Chiptune formats for retro videogame music can be very efficient. Just picking two with particularly good music, I have a 21 KB (0.02 MB) file storing 28:30 of music and 4.72 MB of files storing 1:54:48 of music, both at source quality.

The catch is that they are designed exclusively to rip chiptunes from retro videogames as close as the format designers and player coders could manage to the original. So even the oversized ones like the 4.72 MB of files extracted from a 3 MB game are going to be far smaller than a general use format like opus. But you can't encode your own music in the format without going to massive effort to code it like you would an authentic chiptune, and you're unlikely to like the results.

[–] tekato 2 points 6 hours ago (6 children)

Can you name the format you’re using to store 1:54:48 of music in 4.72 MB?

[–] [email protected] 6 points 5 hours ago (5 children)

Those are SPC files, and that particular example was one rip of Final Fantasy VI (III)'s soundtrack.

Unfortunately, it only handles music embedded in Super Famicom/Super Nintendo games.
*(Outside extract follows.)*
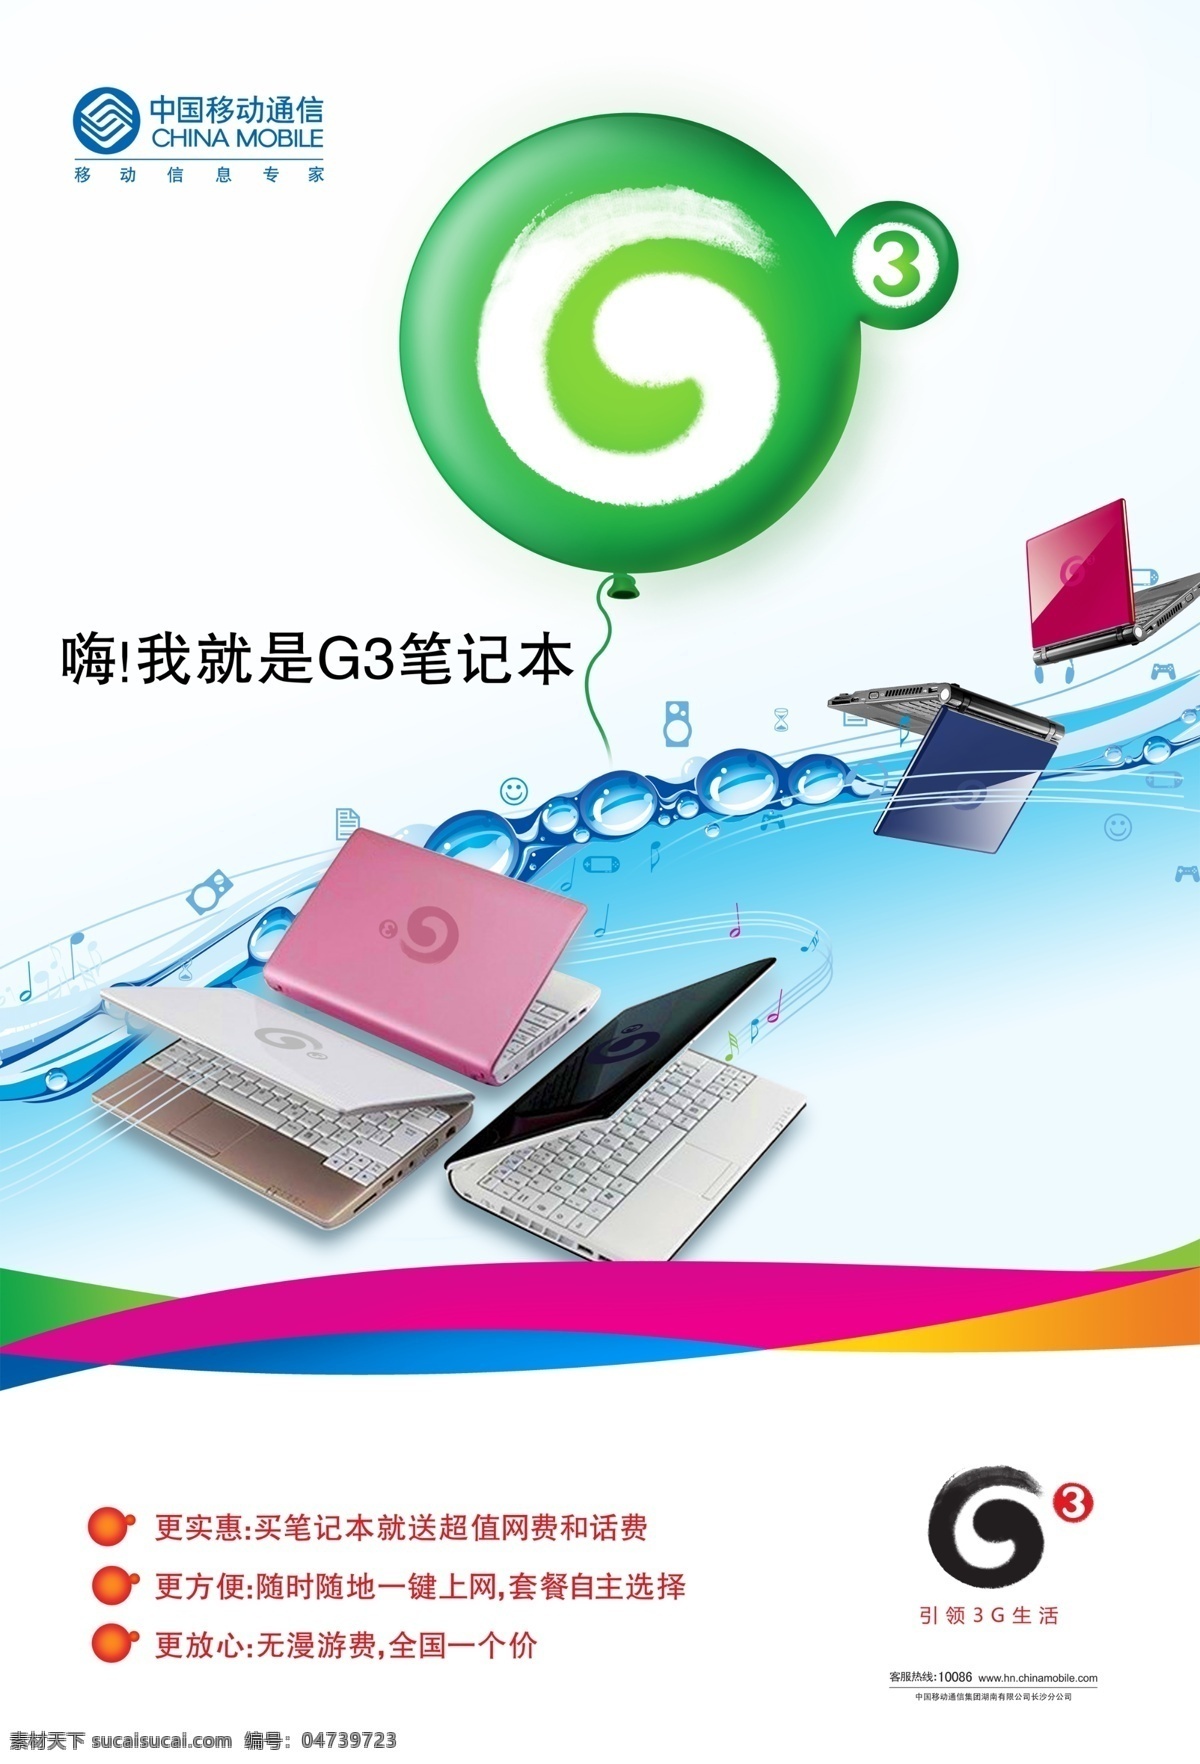 3g 分层 移动 源文件库 中国移动 g3 td 上网 笔记本 3g笔记本 上网笔记本 td上网本 矢量图 现代科技

To convert your own music to SPC, you'd have to rewrite it for the SNES sound chip.

[–] tekato 1 points 5 hours ago (1 children)
[–] [email protected] 2 points 5 hours ago* (last edited 5 hours ago)
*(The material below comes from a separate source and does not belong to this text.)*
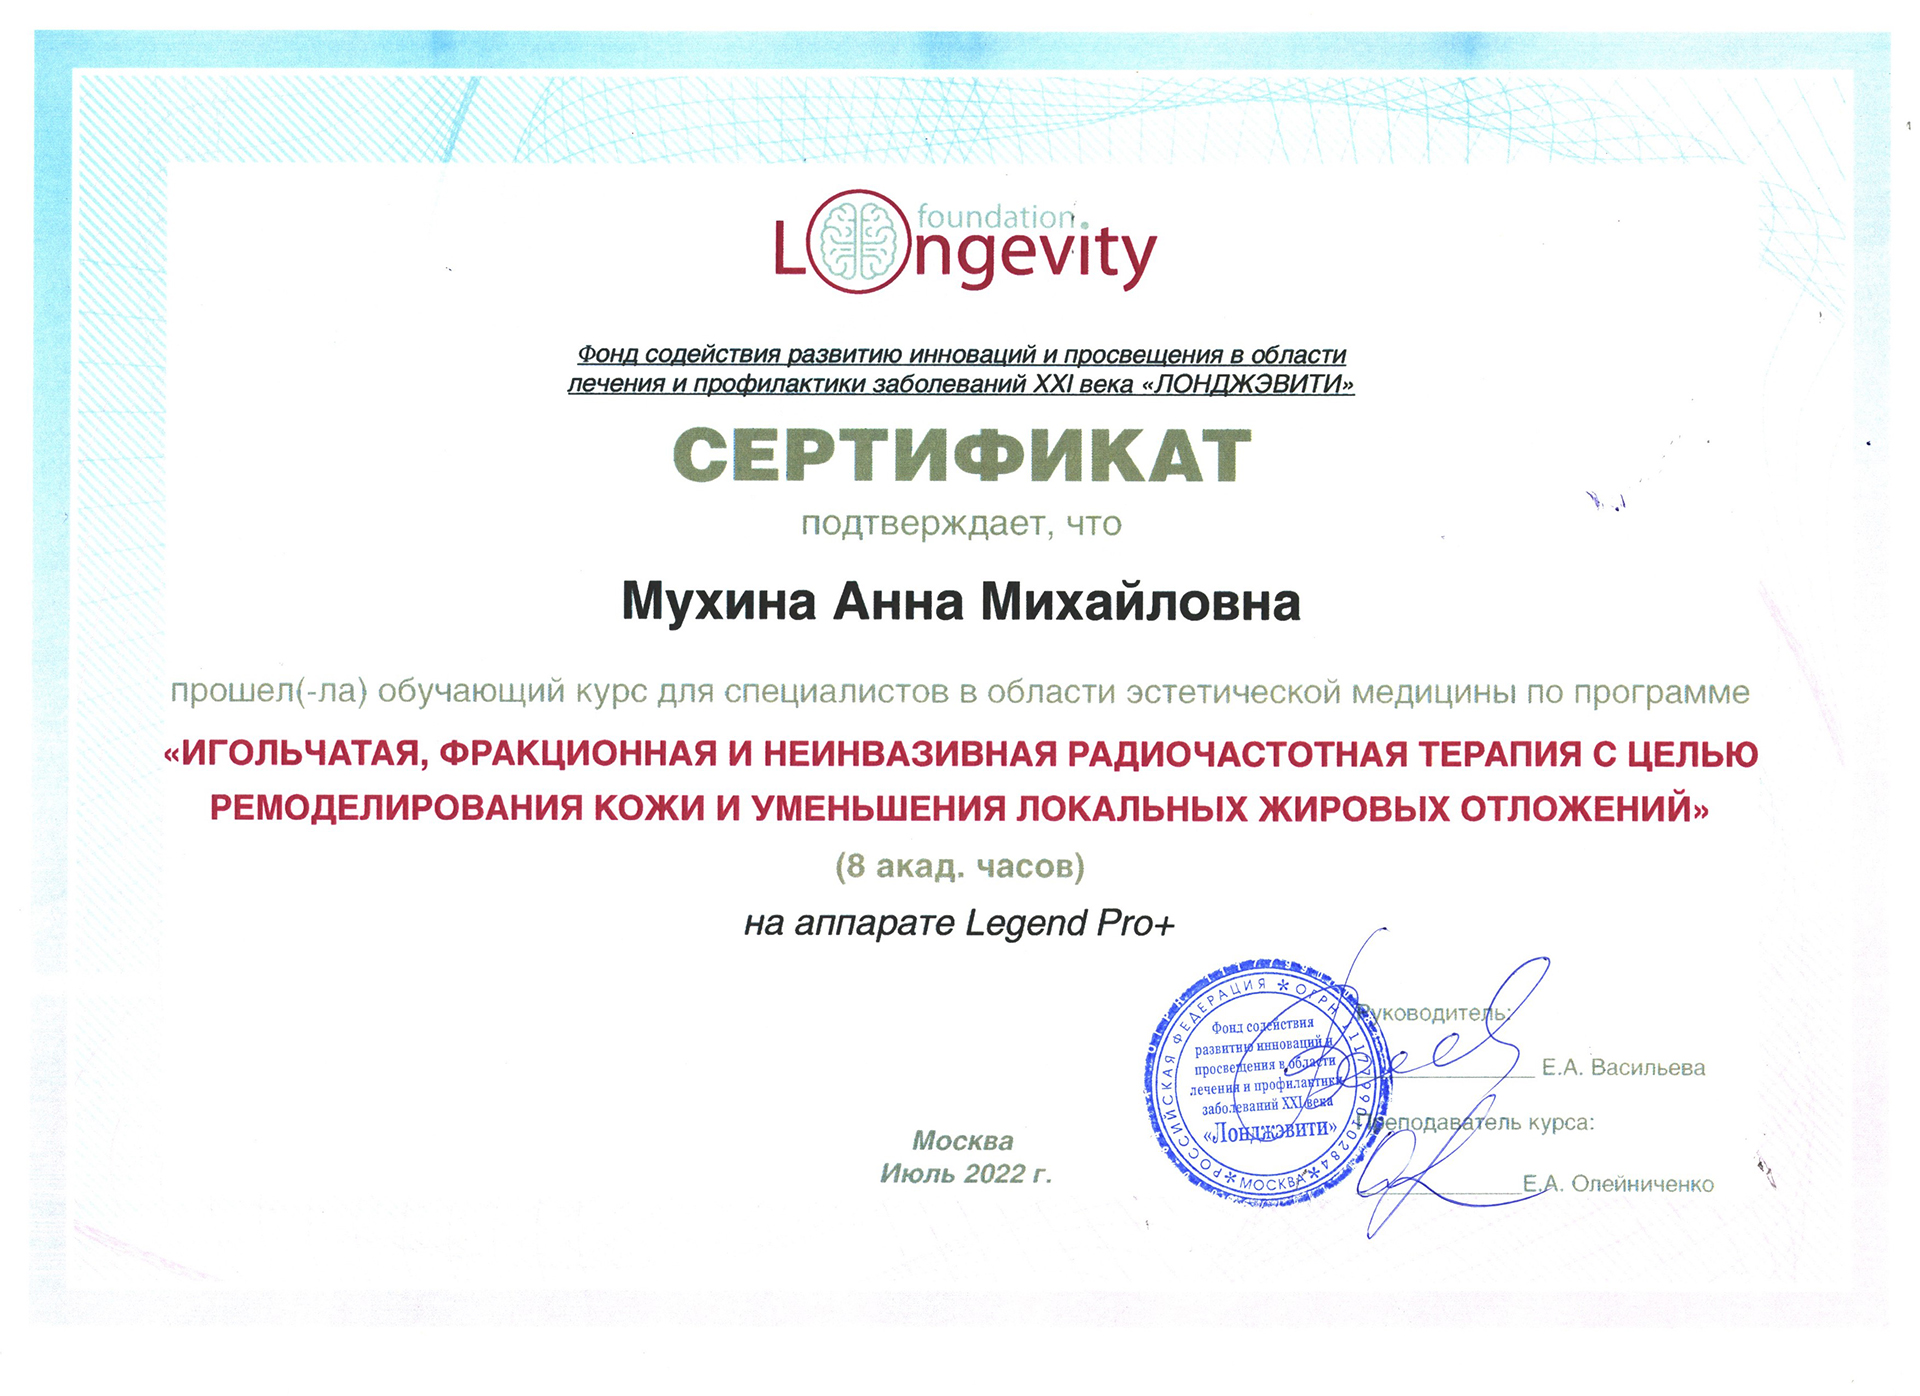 Сертификат — Программа «Игольчатая, фракционная и неинвазивная радиочастотная терапия». Мухина Анна Михайловна

The even more efficient example was Mega Man 3. The standard rip format for NES music is far more efficient but also far more complex, requiring specialized skills to rip instead of a copy of ZSNES and a fast finger on the F1 button.

Edit: the standard rip format for NES music is NSF, but an expanded version NSFe is better if you can get it because it supports metadata like song names and lengths.